I've read a couple on my iPhone. Surprisingly good,

----------


## BBT

Downloading as I write

----------


## andynap

Do you get a prompt or do you have to go on the Apple or iTunes site?

----------


## Petri

Just click the "Check for update" button on iTunes (main window after connecting the iPhone), if it doesn't offer it automagically.

Seems to work ok, I just had a chat client in the background while watching live TV with EyeTV client (which isn't multitasking so it starts from beginning when you return to it).

The folders are fine but the 12 App limit is quite annoying really, can't even fit the Lonely Planet guides in a single folder.  I'll rather read a paperback than something on the iPhone.
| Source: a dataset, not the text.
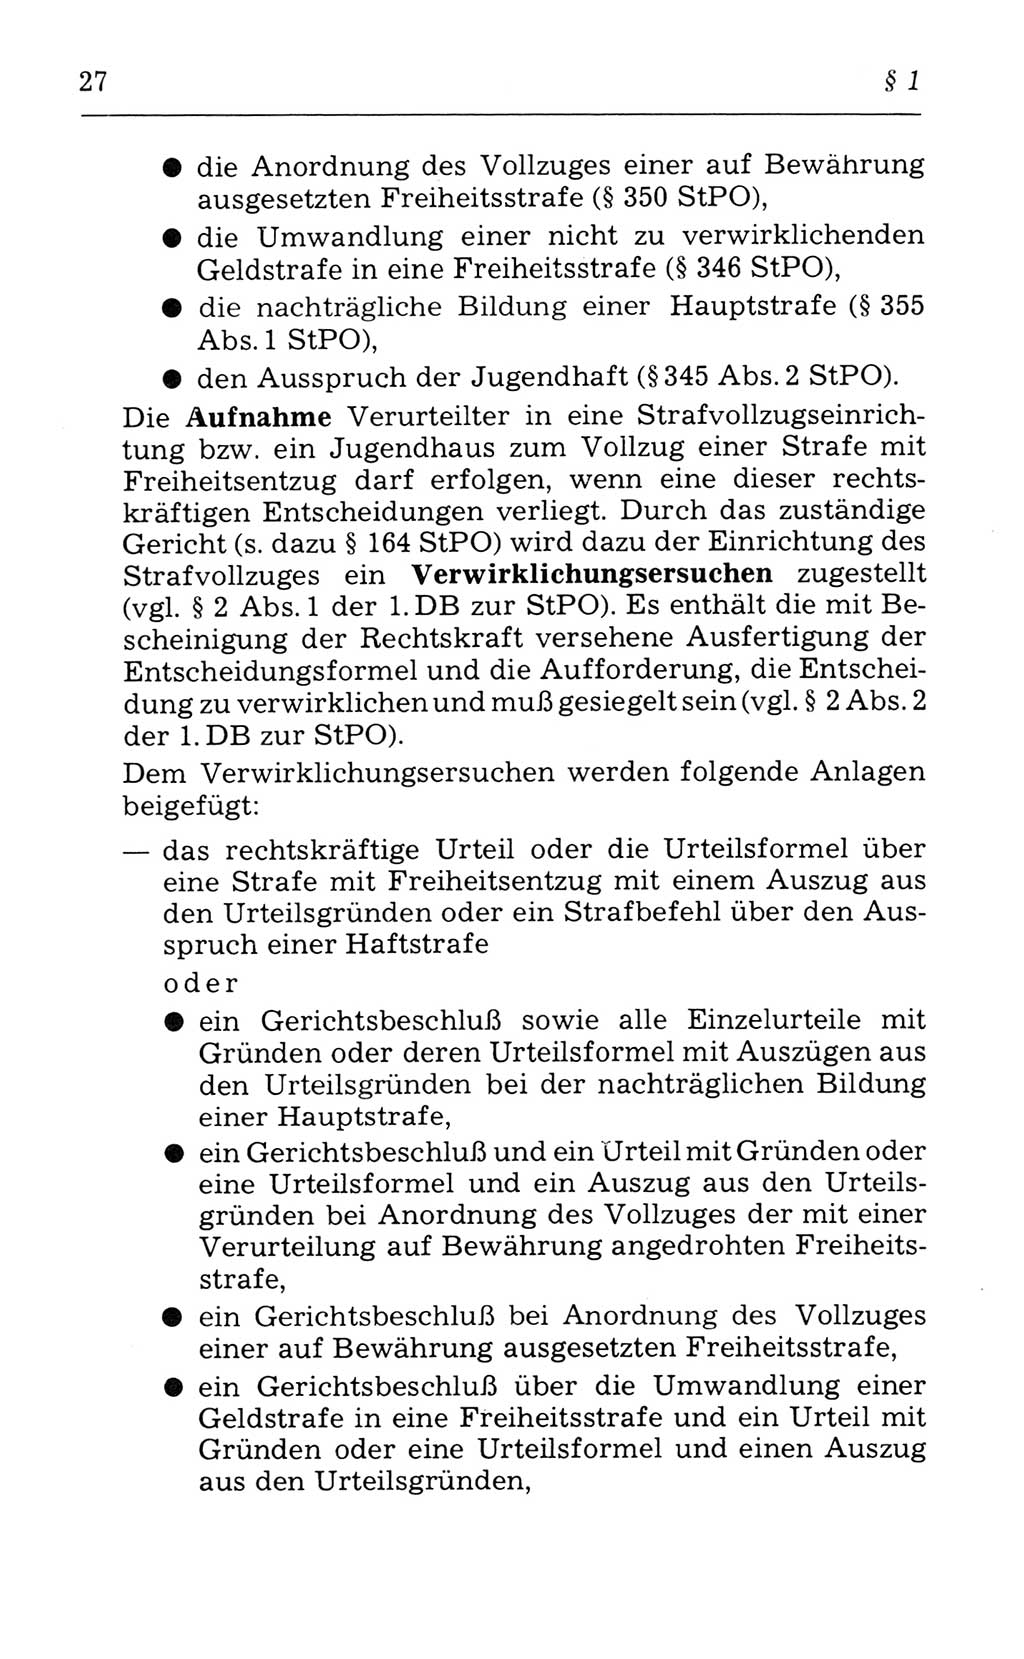 Kommentar zum Strafvollzugsgesetz [(StVG) Deutsche Demokratische Republik (DDR)] 1980, Seite 27 (Komm. StVG DDR 1980, S. 27)

Anyway, no rush unless you really want something right now.

----------


## BBT

Andy you will have to update to itunes 9.2 if you have not

----------


## JEK

You also need to have the latest iPod Touch. The first generation will not take 4.0

----------


## JEK

Just finished with the folders. Went from 11 pages to 2.

----------


## andynap

> You also need to have the latest iPod Touch. The first generation will not take 4.0




I have the latest one-

----------


## JEK

Pandora is out in multitasking.

----------


## JEK

Double click the Home button to see running tasks.

----------


## JEK

Love the all inboxes view too.

----------


## andynap

Took a while but very nice. I can listen to music or my sports station while looking at other sites.

----------


## JEK

Hmm. One could always listen to iTunes and work other sites. I think the only app that has been reprogrammed to make use of multitasking is Pandora.

----------


## Petri

A few chat clients, EverNote, DropBox and Motion X GPS multitask as well.
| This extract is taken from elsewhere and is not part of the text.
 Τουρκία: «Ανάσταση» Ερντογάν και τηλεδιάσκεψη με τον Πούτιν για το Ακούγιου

I think we'll see most applications that are actively maintained and would benefit from multitasking to be updated over the next few days.

I just kept a chat client running over the night, it took 10 hours to drain the battery from full to empty.

----------


## JEK

My new look

----------


## MichiganPhil

Where are the wine lists, review, etc

----------


## JEK

Reference.

----------